Now we have to translate from “the fractional part of the logarithm” to the leading digit of the original number. This is not so hard:
$$\displaystyle \begin{aligned} P(\text{leading digit of }X\text{ is }i) &= P(\log_{10} i \le (\log_{10}(X) \mod 1) \le \log_{10}(i+1)) \\ &= \int_{\log_{10} i}^{\log_{10}(i+1)} L(f) \,df \\ &= \log_{10}\left( \frac{i+1}{i}\right) \end{aligned}$$
This result is where the prediction in the previous table came from. We have used base 10 because that is how people count, but the same argument holds for any base. Just change the base of the logarithm.
Wrapping Up
Far from being some mystical oddity, Benford’s law is really just a consequence of how place-value number systems work. The preceding derivation sheds light on what kinds of sets can be expected to follow it.

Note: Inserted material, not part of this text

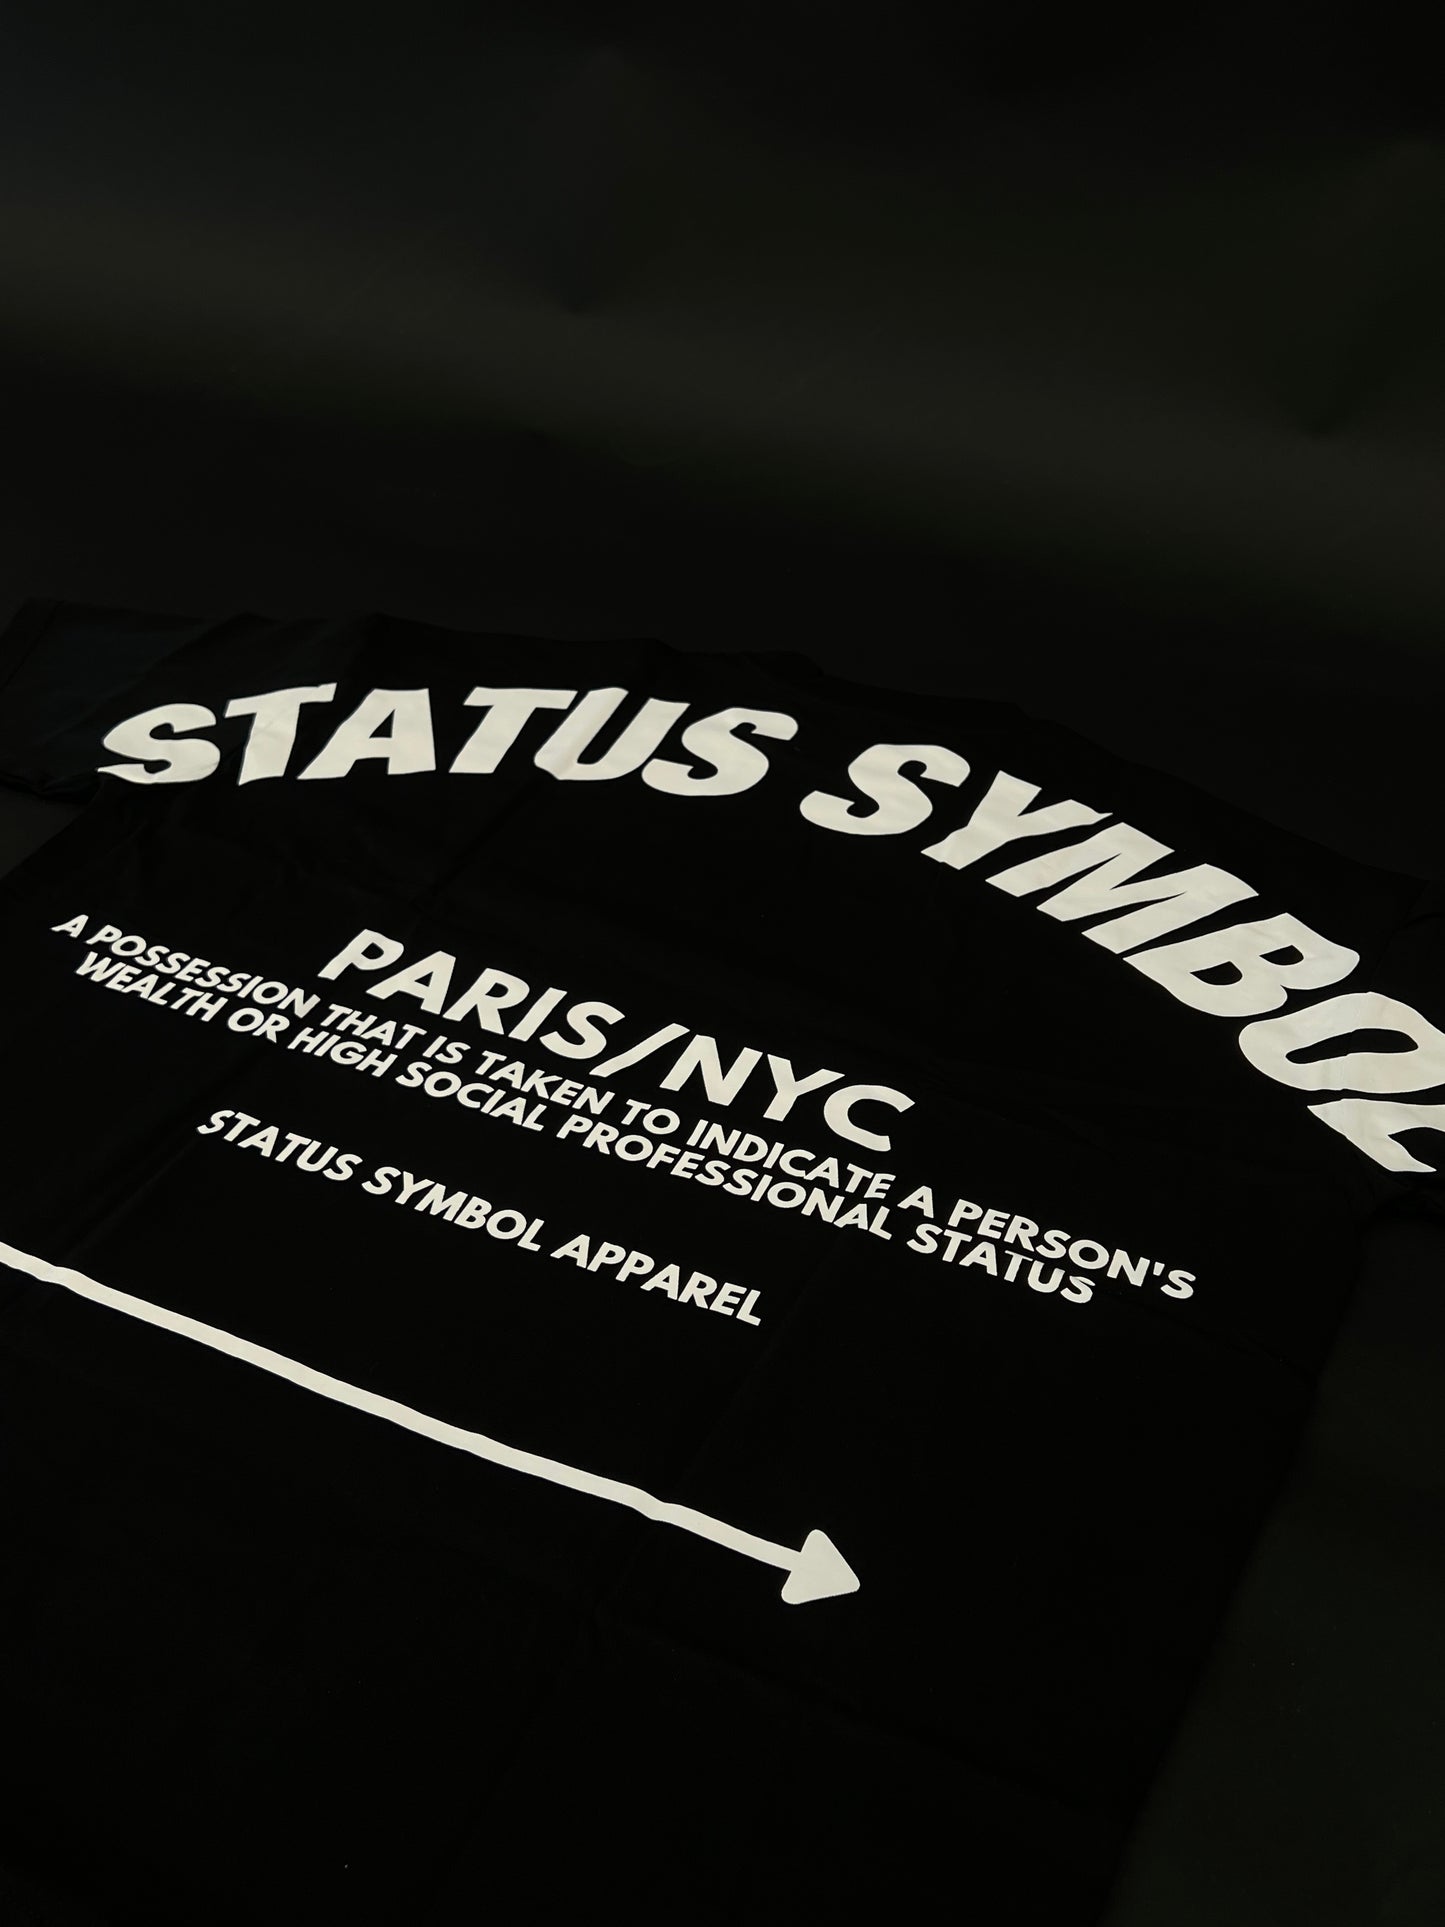 Black Status Symbol Logo T-Shirt

They would have to span several orders of magnitude, so that knowing the leading digit does not tell you much about how large the number is. As an example of a set that would not exhibit this pattern, the heights of all adult humans are scattered around 2 meters. So if I told you that the height of some specific adult started with a 2, you would know that person is around 2 meters tall, not 200 meters or 0.2 meters. In contrast, if I told you that the length of some river starts with a 2, you really have no idea if it runs 200 meters, 200000 meters, or some other distance.
The second property is, as I’ve mentioned a few times already, scale-invariance. Which basically applies if the data set has some human-created unit of measurement associated with it, though there are examples of data sets that don’t have units which still obey Benford’s law. This is because Benford’s law can also be derived from the idea of base-invariance instead of scale-invariance, though that proof is considerably more complicated so I have not discussed it here.